Seasons changed but time halted in the kingdom, as if it was gripped by the roach and his machinery forever. A status quo prevailed to the utter satisfaction and amusement of roach the emperor. Little did the roach knew that time is a nasty adversary, which always takes its toll at snail’s speed.  The roach was slowly dying his own death and on one wintery night when the gloomiest wind was blowing this realization dawned upon him. This was the darkest day befallen upon any roach; it was a day of unmatched catastrophe in history.

To add to the impending doom, a wizard suddenly materialized out of thin smoke and in his hand, he held a gold wand – a wand drenched with the blood of oppressed, held up tears, broken dreams, miseries, anxieties, anguish, agonies and shattered hopes of the masses and with one sharp blow of the wand the majestic wizard shattered all that roach possessed – the mystic crystal ball, the dreams of highness, and the god of hope. Everything that roach once possessed was destroyed in a blink of eye, broken up to million pieces. This was the time when the secret of roach which nobody knew but himself was no more a secret. This was the time when roach finally saw his true self. In each glittering piece of his shattered dream, nothing but a filthy cockroach he was, he is.

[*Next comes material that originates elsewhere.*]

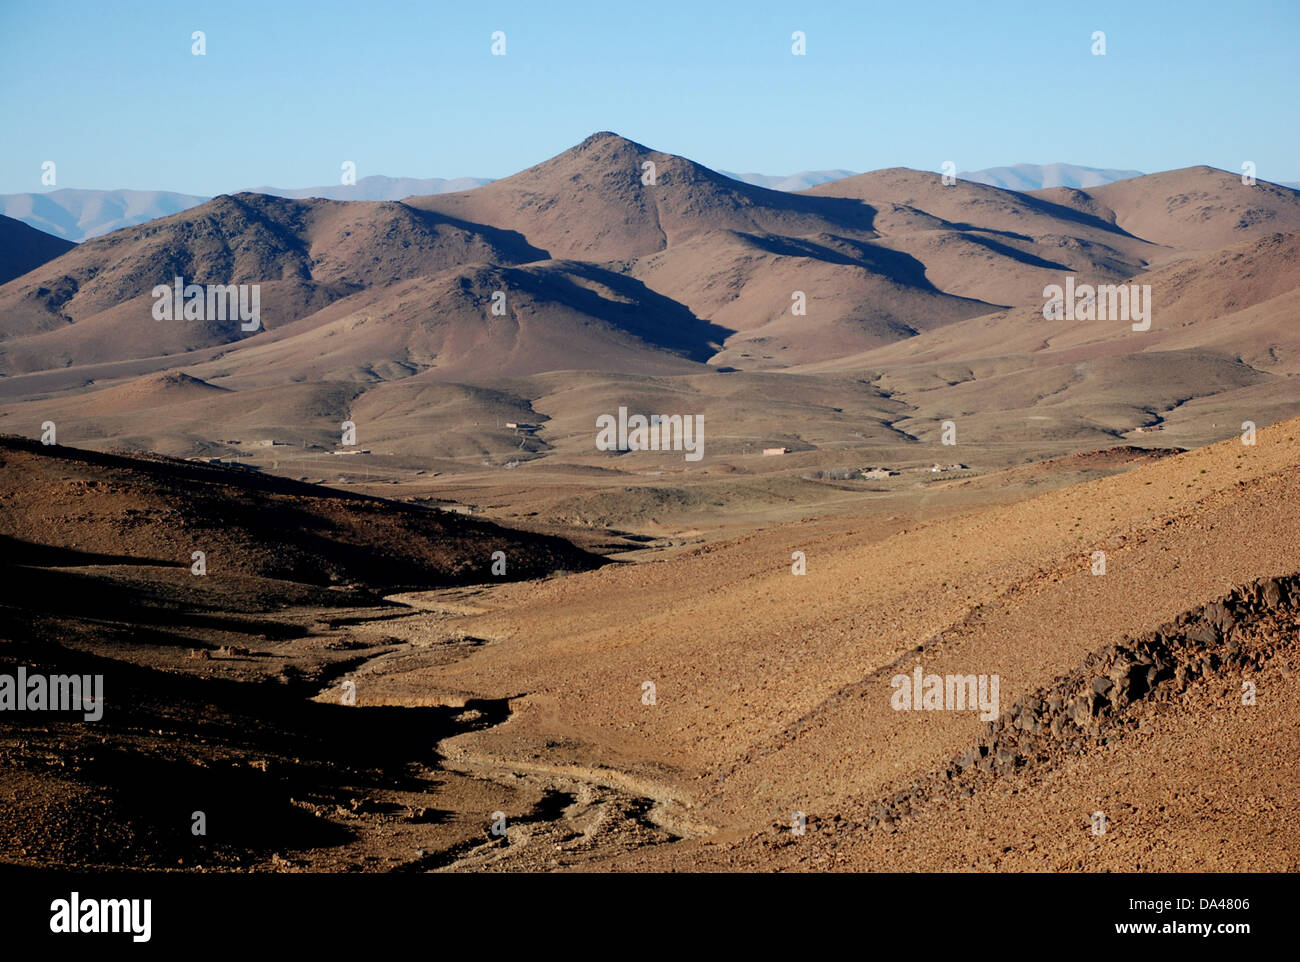 View of mountainous desert landscape, Djebel Sarhro, Anti-Atlas, Atlas Mountains, Morocco, February Stock Photo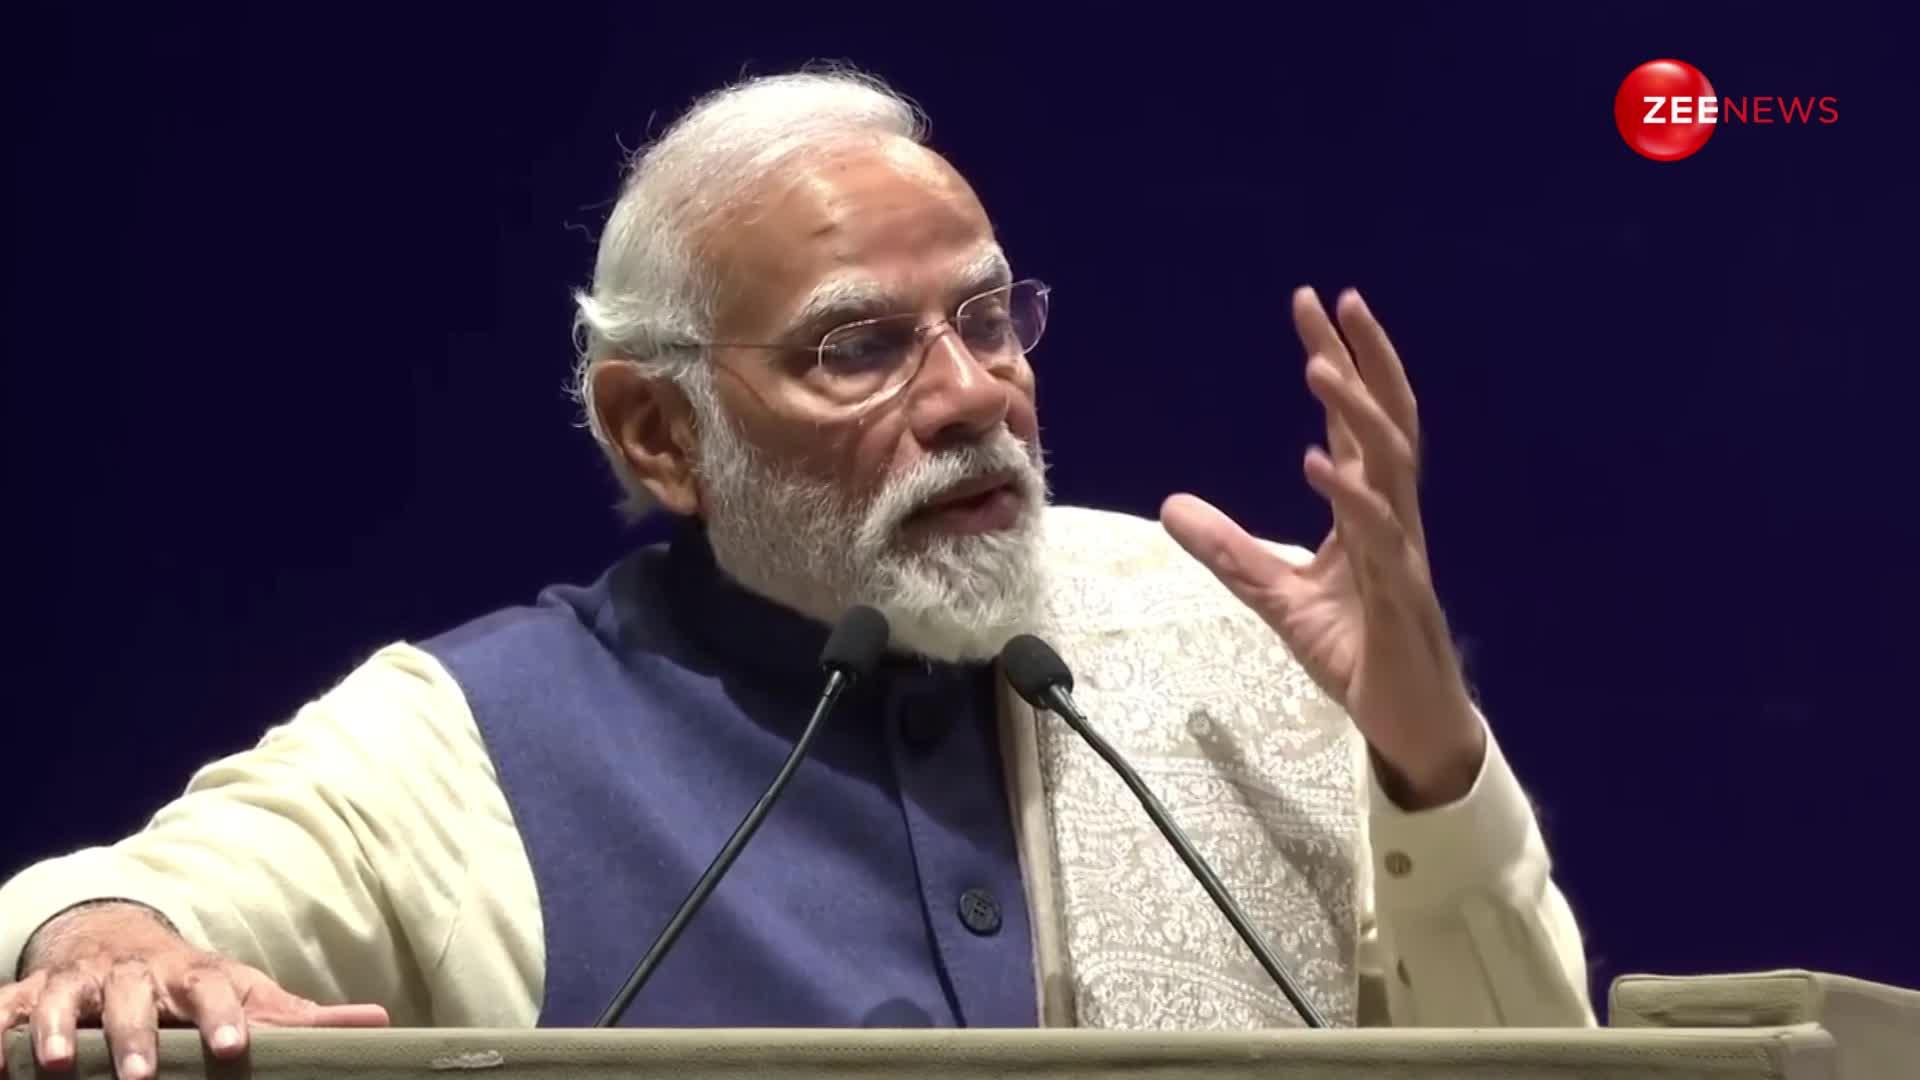 DGP Conference के दौरान PM Modi ने इंडियन नेवी की खूब की सराहना, बोले- भारत दुनिया में प्रमुख शक्ति है...

True is the saying that history repeats itself. Now, at present, this is the story of Pakistan, where the roach has been struck and Pakistan has to rebuild itself; it would not be constructed by those who are destroying it but by those who still have even slightest degree of enlightening conscience left.

The nation is in jeopardy since the time Imran Khan and Tahir ul Qadri have brought their demands along with thousands of people in Islamabad. The tugs of war have started in every square of Pakistan if not at ‘Azadi Square’ or ‘Revolution Avenue’.  The profane political culture of Pakistan has shown no mercy to anyone. The culture has not left even Quaid e Azam alone. It’s the time when we have to decide. The decision of fighting the roach that if not rules our country; it rules our minds, because in real life, the wizard doesn’t come to rescue.